*Work item:* Using the data below, reproduce exactly the lines from the line with "Nature's Sunshine - Paw Paw - Label" to the line with "Workflow Execution Path", both included; pictures must be dropped.

*Dataset excerpts:*
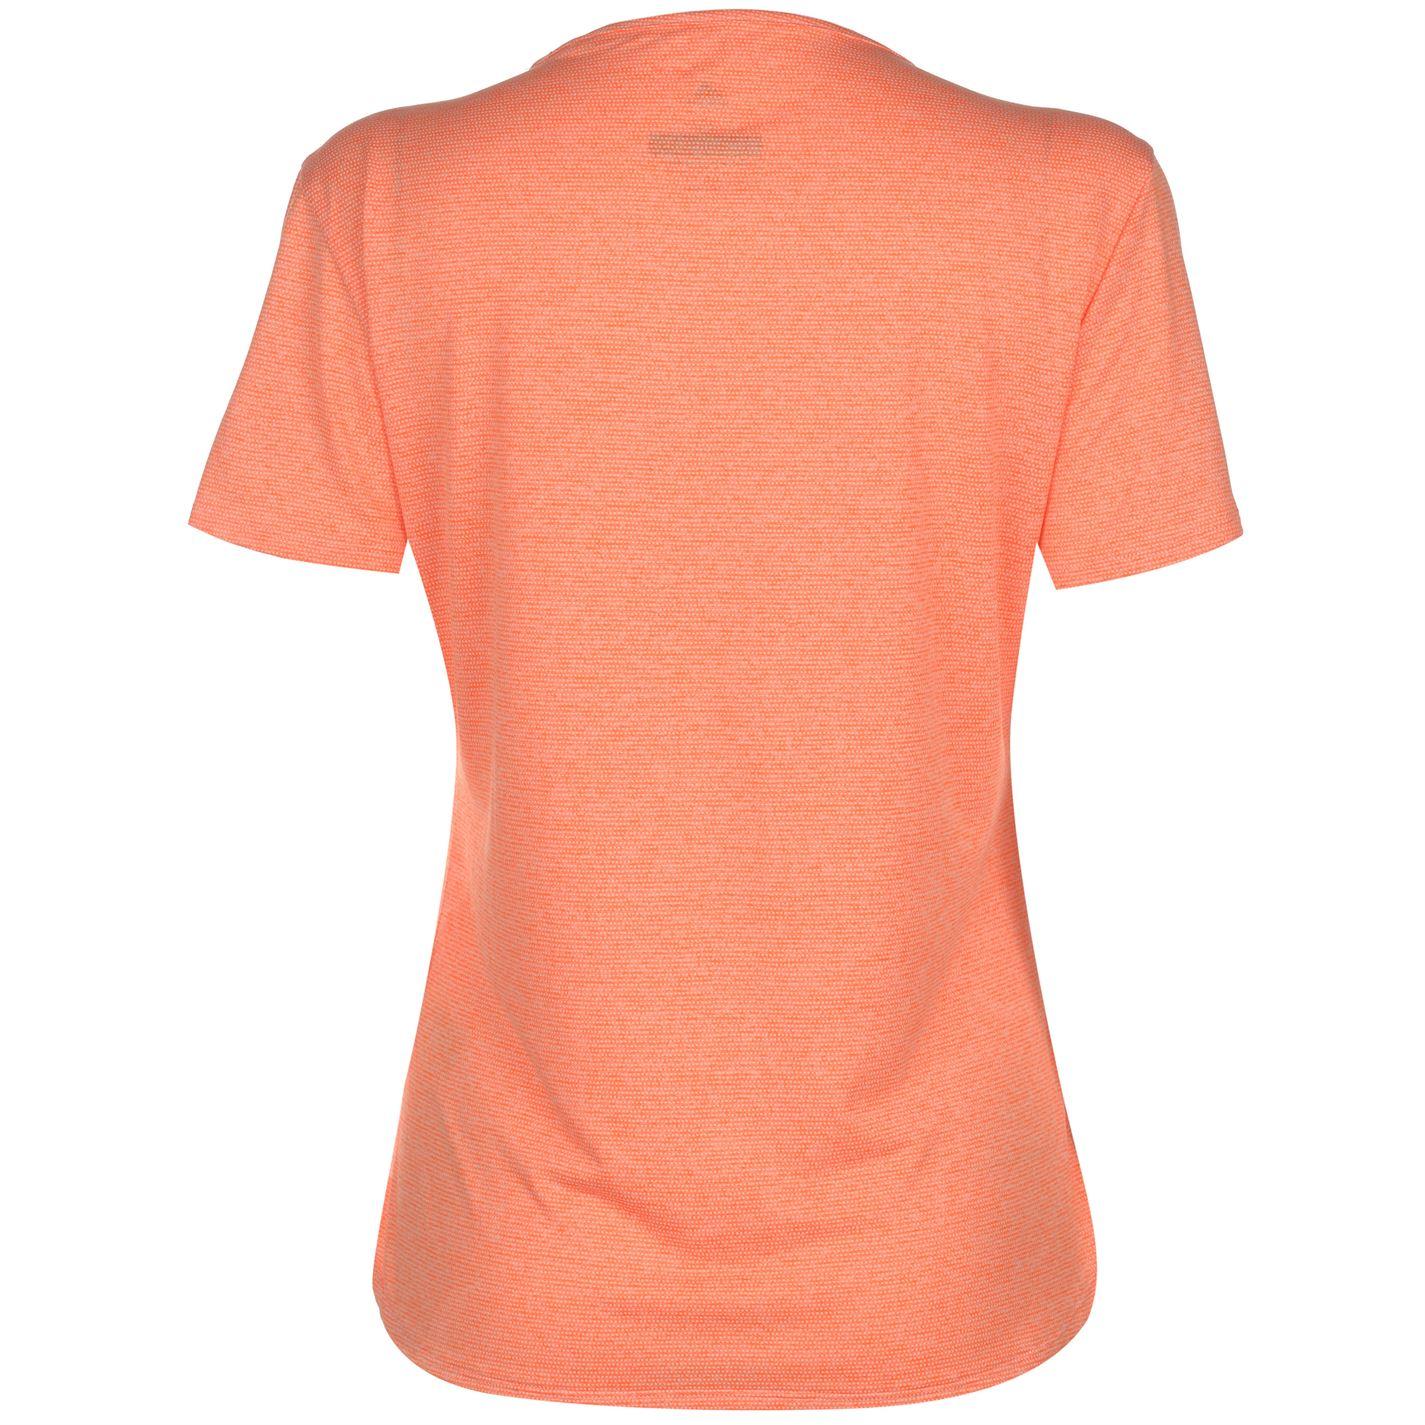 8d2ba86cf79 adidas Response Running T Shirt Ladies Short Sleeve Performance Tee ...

--

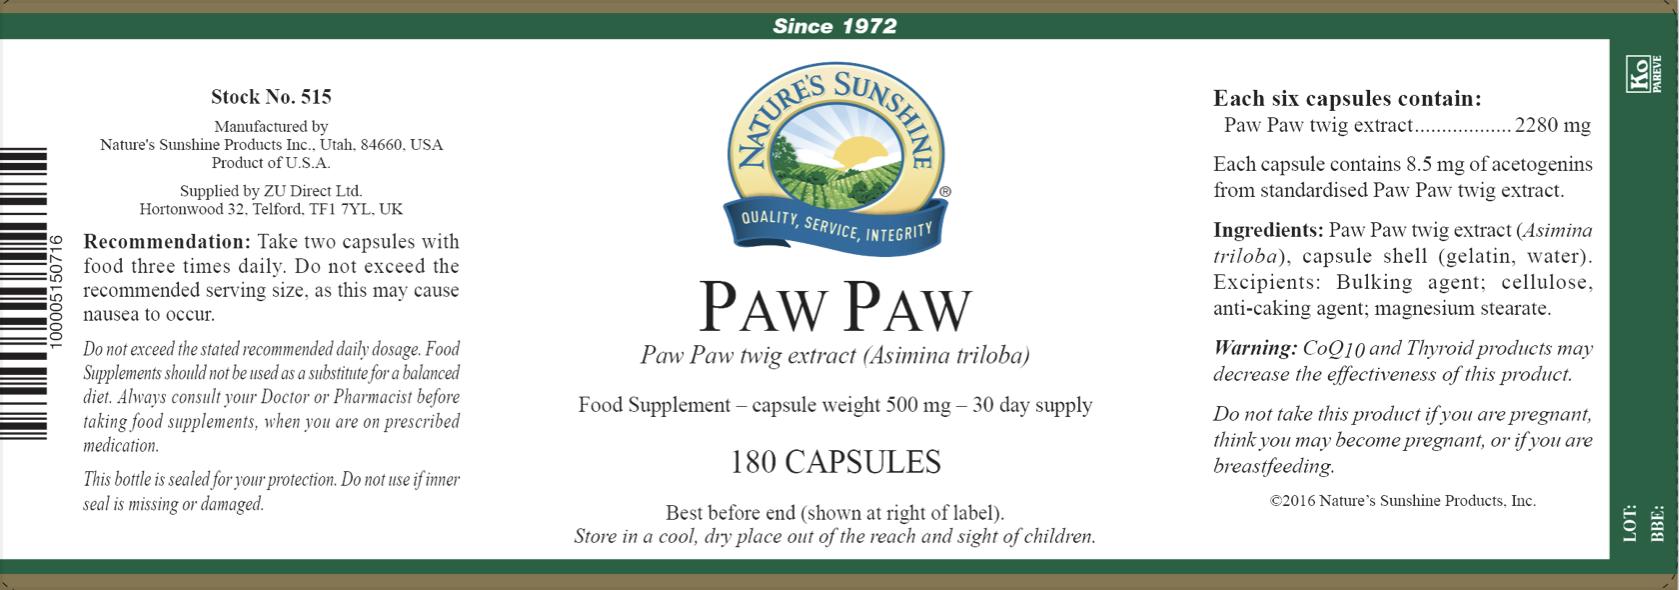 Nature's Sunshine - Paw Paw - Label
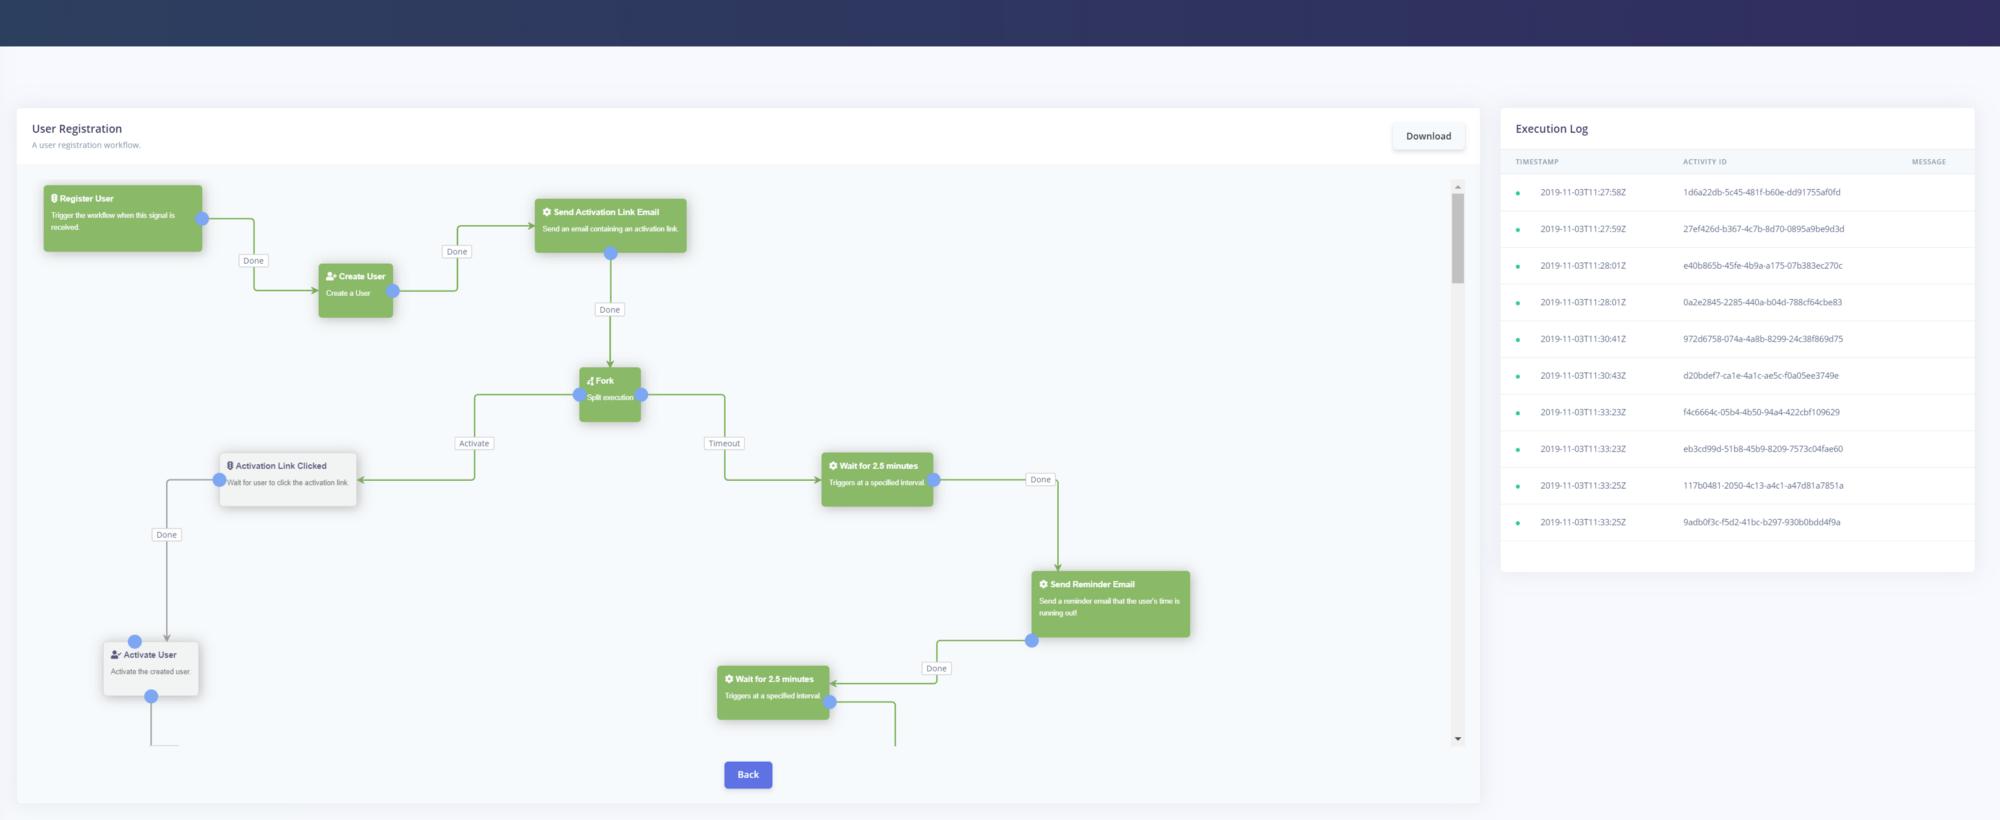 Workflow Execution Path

*Reply to the exercise:*
 Nature's Sunshine - Paw Paw - Label
 Workflow Execution Path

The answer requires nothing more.